People in poverty are further impoverished by predatory lenders and other financial parasites that feed on those without sufficient access to capital to protect against predation.
Poor people pay more in interest rates than wealthy borrowers do and they also pay more for banking services and in banking fees.
Michael W. Hudson's book examines this type of predation upon the poor:
The Monster: How a Gang of Predatory Lenders and Wall Street Bankers Fleeced America--and Spawned a Global Crisis (2011). http://www.amazon.com/Monster-Predatory-Lenders-Bankers-America--/dp/031261053X/ref=sr_1_2?ie=UTF8&qid=1323266692&sr=8-2
Joshua Holland has also written about this
type of corporate predation.
5 Ways Corporate Scavengers Are Making Big
Money Off Our Economic Pain: Big business has found a number of ways to profit from the
economic suffering on 'Main Street.' February 12, 2011 http://www.alternet.org/story/149892/5_ways_corporate_scavengers_are_making_big_money_off_our_economic_pain/
Holland describes credit cards with interest rates of 79.9%!
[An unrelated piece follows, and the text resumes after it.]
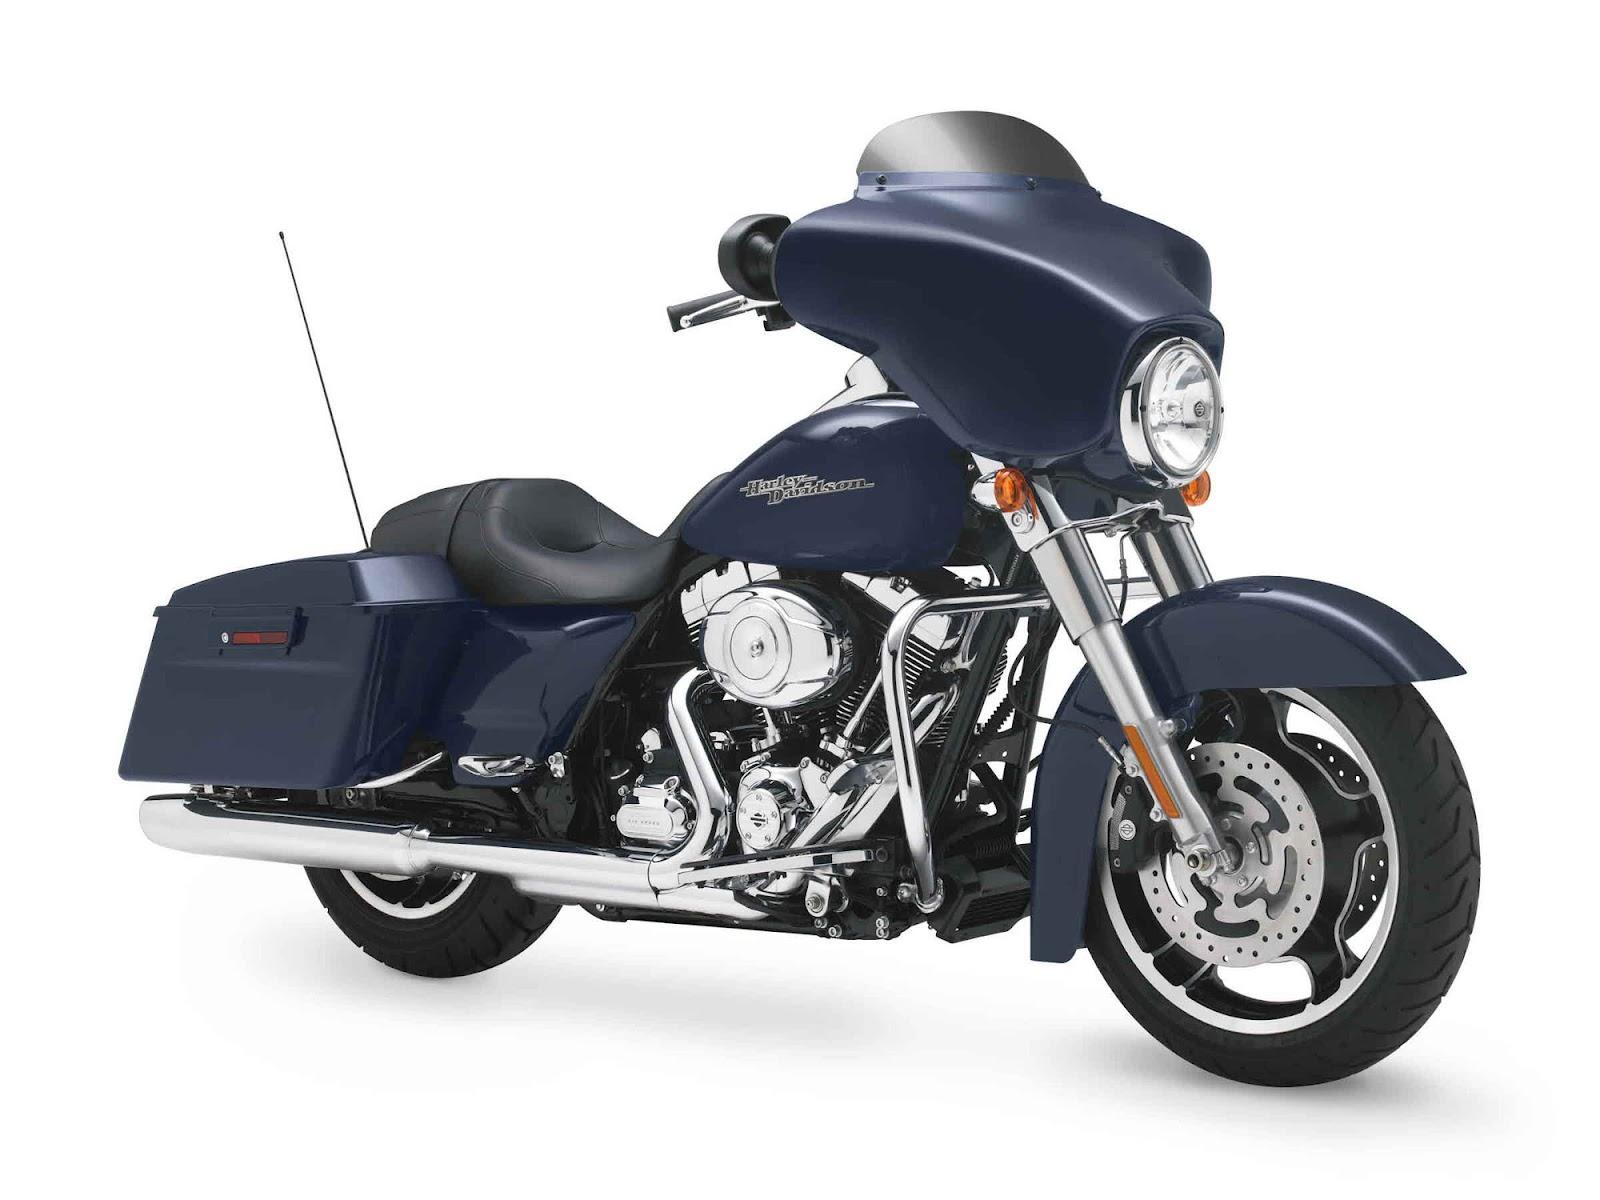 2015 Harley Davidson Tri Glide Motorcycle Buy Steroid Online 2013 Road Wiring Diagram Street For 2012 Get Free Gauges

Most recently, Pat Garofalo describes the bitter double-standard that applies to lending in our country. Big banks received almost 8 trillion in assets from the US Federal Reserve at little to no interest.
Some of these big banks are now using these assets as reserves for predatory lending.
Big Banks Finance Billions in Predatory Payday Lending
byy Pat Garofalo, ThinkProgress 06
December 11
[excerpted] "One
of the more pernicious forms of predatory lending is payday lending, which
involves firms giving usually low-income workers very short-term, high-interest
loans in order to help them pay for necessities until they receive their next
paycheck. While this may sound like a valuable service, the interest rates on
the loans are so high that many borrowers get caught in a cycle in which
they're constantly taking out new loans to cover the new bills that they can no
longer afford, due to having paid back the last loan.
"In fact, the Center for Responsible
Lending has found 76 percent of payday loan volume
(and $3.5 billion in annual fees) is due to "churning," which is
repeat borrowing by customers who paid off their loan, but because of the
interest, require another loan before their next paycheck. And according to
Credit Slips' Nathalie Martin, a professor at the University of New Mexico, the nation's biggest
banks are, in a big way, financing this predatory lending:
"- Major banks provide over $1.5 Billion in credit available
to fund major payday lending companies. -The major banks funding payday lending include Wells
Fargo, Bank of America, US Bank, JP Morgan Bank, and National City (PNC
Financial Services Group)…
…lf of these above mentioned
banks received TARP bailout funds in 2008-09 and have benefited from accessing
capital at exceptionally low interest rates from the Federal Reserve...."
Majia Here: Just another reason why the US is a plutonomy, rather than a democracy.